Information provided START
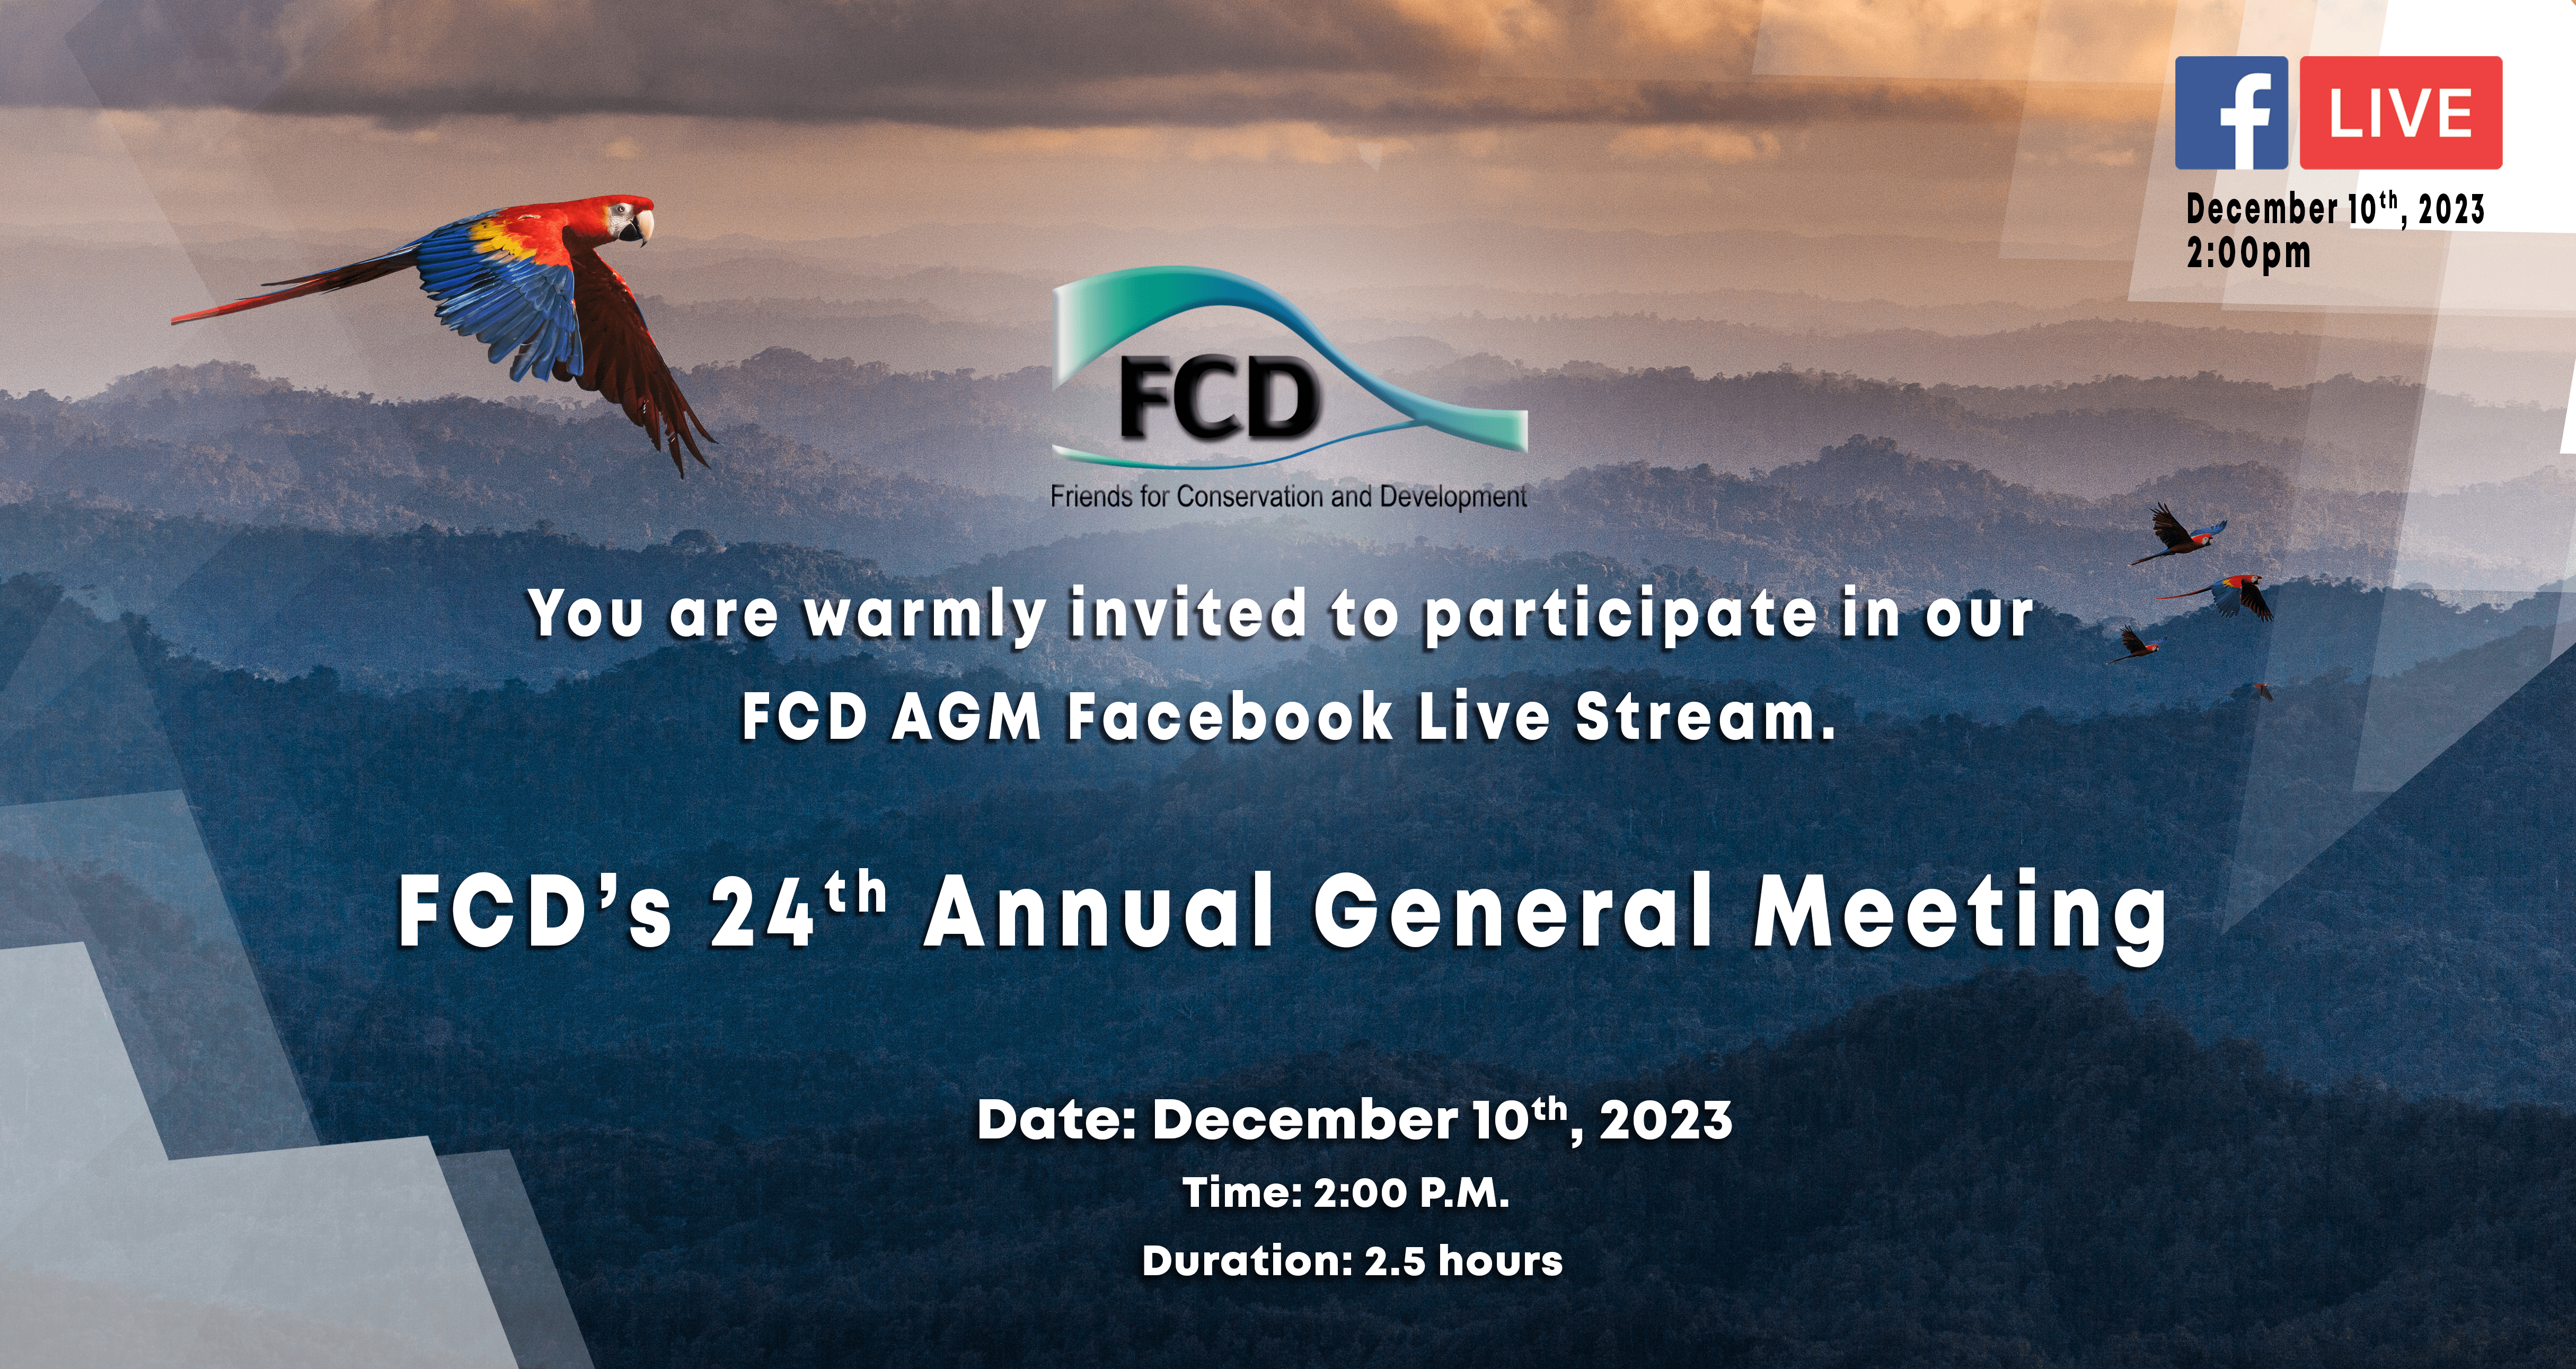 FCD’s 24th Annual General Meeting is set for December 10th, 2023.
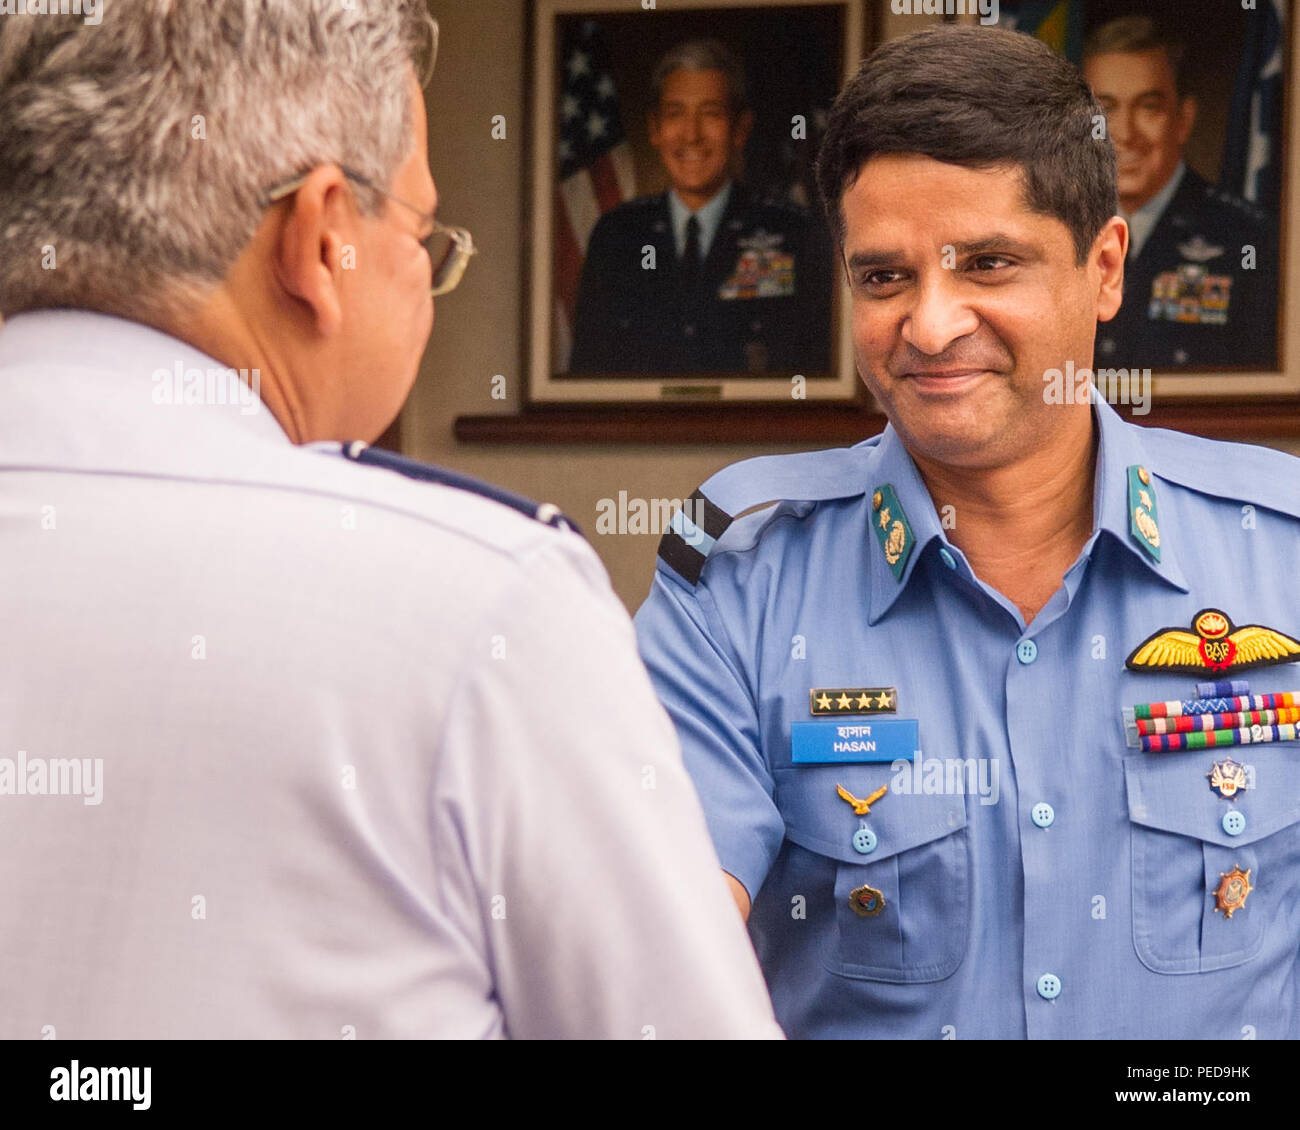 Bangladesh Air Force Air Commodore Hasan Khan, Bangladesh Air Force plans director, and U.S. Air Force Maj. Gen. Abel Barrientes, Pacific Air Forces vice commander's individual mobility assistant, shake hands during Airman-to-Airman Talks, Joint Base Pearl Harbor-Hickam, Hawaii, Aug. 6, 2015. The aim of the inaugural U.S. and Bangladesh Airman-to-Airman Talks was to bolster an earnest relationship between key leaders and pave the way for future cooperation among the two air forces. Discussion topics focused on a number of key matters which will enable both countries to plan future bilateral an Stock Photo
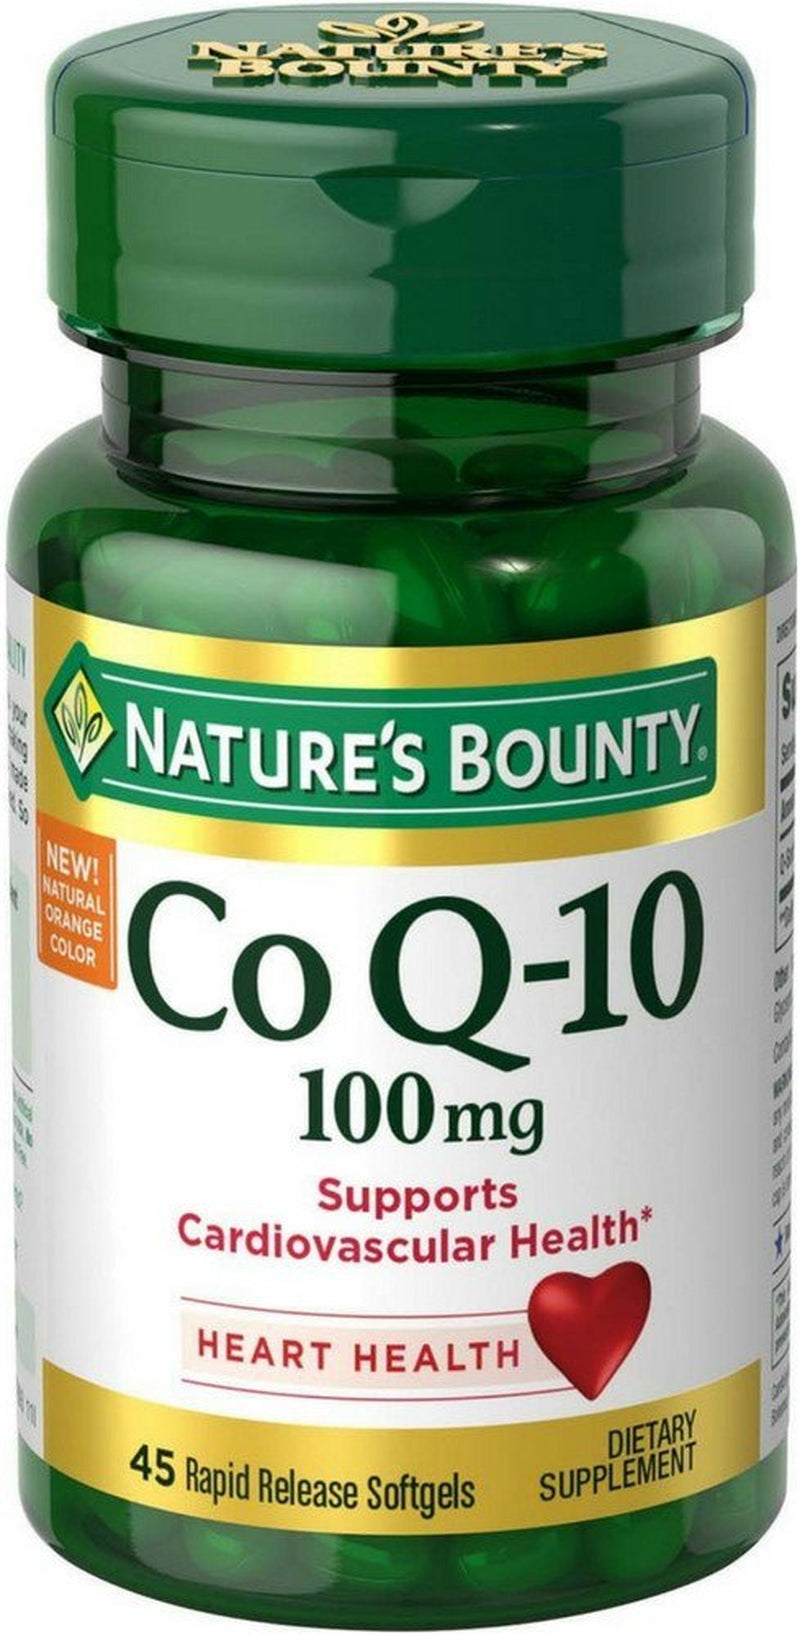 Nature'S Bounty Co Q-10 100Mg 45 Rapid Release Softgels (Pack of 2)
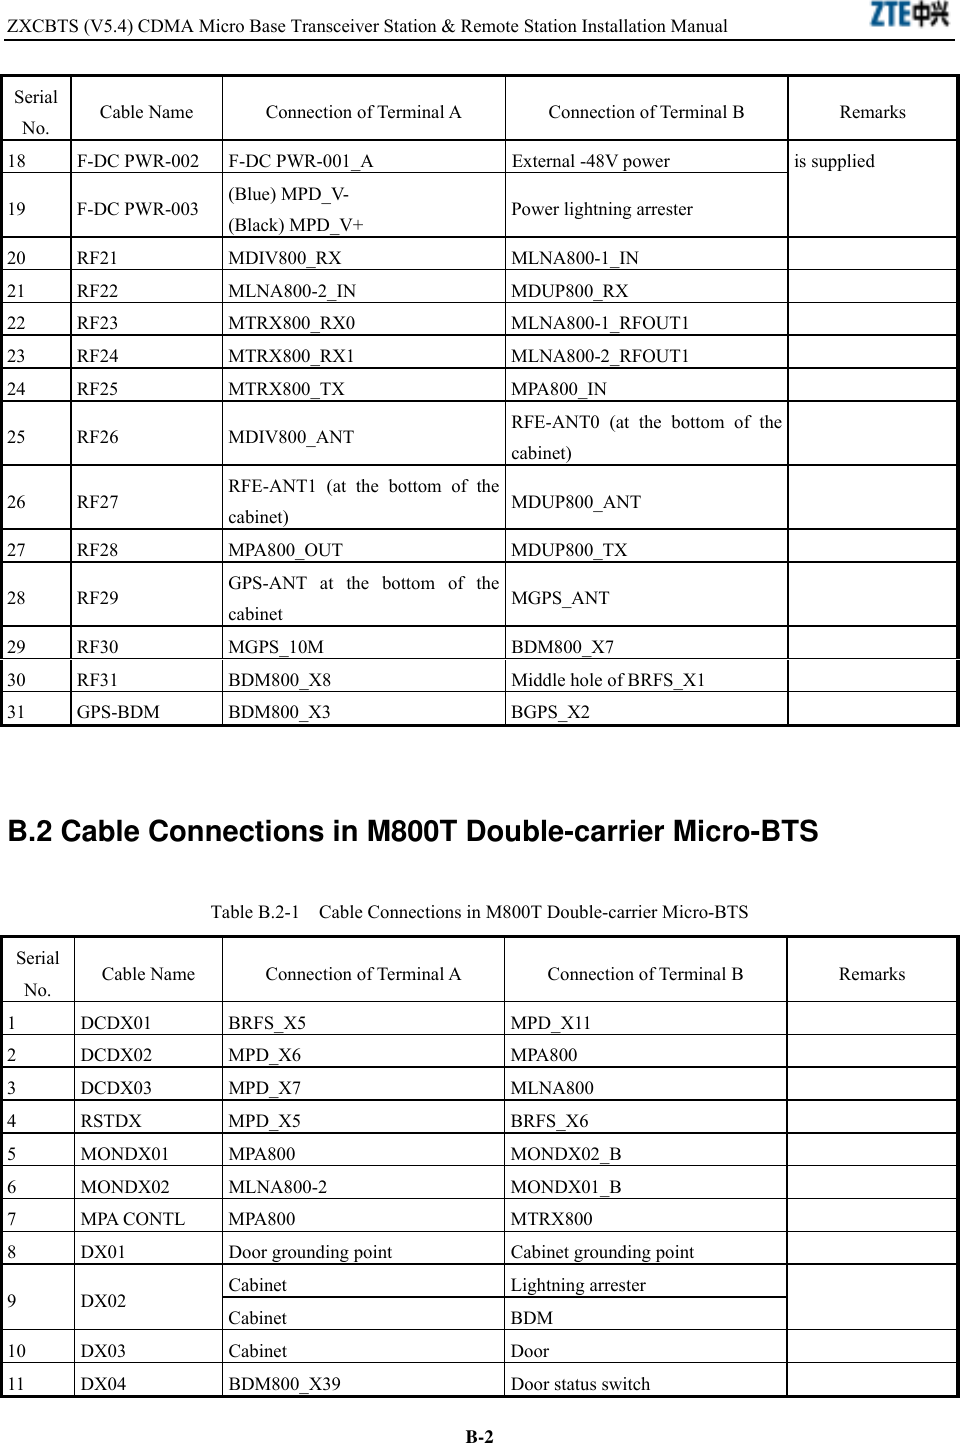 ZXCBTS (V5.4) CDMA Micro Base Transceiver Station &amp; Remote Station Installation Manual    B-2Serial No.  Cable Name  Connection of Terminal A  Connection of Terminal B  Remarks 18  F-DC PWR-002  F-DC PWR-001_A  External -48V power 19 F-DC PWR-003 (Blue) MPD_V- (Black) MPD_V+  Power lightning arrester is supplied 20 RF21  MDIV800_RX  MLNA800-1_IN   21 RF22  MLNA800-2_IN  MDUP800_RX   22 RF23  MTRX800_RX0  MLNA800-1_RFOUT1   23 RF24  MTRX800_RX1  MLNA800-2_RFOUT1   24 RF25  MTRX800_TX  MPA800_IN   25 RF26  MDIV800_ANT  RFE-ANT0 (at the bottom of the cabinet)   26 RF27  RFE-ANT1 (at the bottom of the cabinet)  MDUP800_ANT  27 RF28  MPA800_OUT  MDUP800_TX   28 RF29  GPS-ANT at the bottom of the cabinet  MGPS_ANT  29 RF30  MGPS_10M  BDM800_X7   30  RF31  BDM800_X8  Middle hole of BRFS_X1   31 GPS-BDM  BDM800_X3  BGPS_X2    B.2 Cable Connections in M800T Double-carrier Micro-BTS Table B.2-1    Cable Connections in M800T Double-carrier Micro-BTS Serial No.  Cable Name  Connection of Terminal A  Connection of Terminal B  Remarks 1 DCDX01  BRFS_X5  MPD_X11   2 DCDX02  MPD_X6  MPA800   3 DCDX03  MPD_X7  MLNA800   4 RSTDX  MPD_X5  BRFS_X6   5 MONDX01 MPA800  MONDX02_B   6 MONDX02 MLNA800-2  MONDX01_B   7 MPA CONTL MPA800  MTRX800   8  DX01  Door grounding point  Cabinet grounding point   Cabinet Lightning arrester  9 DX02 Cabinet BDM  10 DX03  Cabinet  Door   11  DX04  BDM800_X39  Door status switch
Information provided END
Work request =
Only the lines from the one with "Nature'S Bounty Co" through the end of the data, both ends included, should be written out exactly, and no pictures should appear.

Completed task =
 Nature'S Bounty Co Q-10 100Mg 45 Rapid Release Softgels (Pack of 2)
 ZXCBTS (V5.4) CDMA Micro Base Transceiver Station &amp; Remote Station Installation Manual    B-2Serial No.  Cable Name  Connection of Terminal A  Connection of Terminal B  Remarks 18  F-DC PWR-002  F-DC PWR-001_A  External -48V power 19 F-DC PWR-003 (Blue) MPD_V- (Black) MPD_V+  Power lightning arrester is supplied 20 RF21  MDIV800_RX  MLNA800-1_IN   21 RF22  MLNA800-2_IN  MDUP800_RX   22 RF23  MTRX800_RX0  MLNA800-1_RFOUT1   23 RF24  MTRX800_RX1  MLNA800-2_RFOUT1   24 RF25  MTRX800_TX  MPA800_IN   25 RF26  MDIV800_ANT  RFE-ANT0 (at the bottom of the cabinet)   26 RF27  RFE-ANT1 (at the bottom of the cabinet)  MDUP800_ANT  27 RF28  MPA800_OUT  MDUP800_TX   28 RF29  GPS-ANT at the bottom of the cabinet  MGPS_ANT  29 RF30  MGPS_10M  BDM800_X7   30  RF31  BDM800_X8  Middle hole of BRFS_X1   31 GPS-BDM  BDM800_X3  BGPS_X2    B.2 Cable Connections in M800T Double-carrier Micro-BTS Table B.2-1    Cable Connections in M800T Double-carrier Micro-BTS Serial No.  Cable Name  Connection of Terminal A  Connection of Terminal B  Remarks 1 DCDX01  BRFS_X5  MPD_X11   2 DCDX02  MPD_X6  MPA800   3 DCDX03  MPD_X7  MLNA800   4 RSTDX  MPD_X5  BRFS_X6   5 MONDX01 MPA800  MONDX02_B   6 MONDX02 MLNA800-2  MONDX01_B   7 MPA CONTL MPA800  MTRX800   8  DX01  Door grounding point  Cabinet grounding point   Cabinet Lightning arrester  9 DX02 Cabinet BDM  10 DX03  Cabinet  Door   11  DX04  BDM800_X39  Door status switch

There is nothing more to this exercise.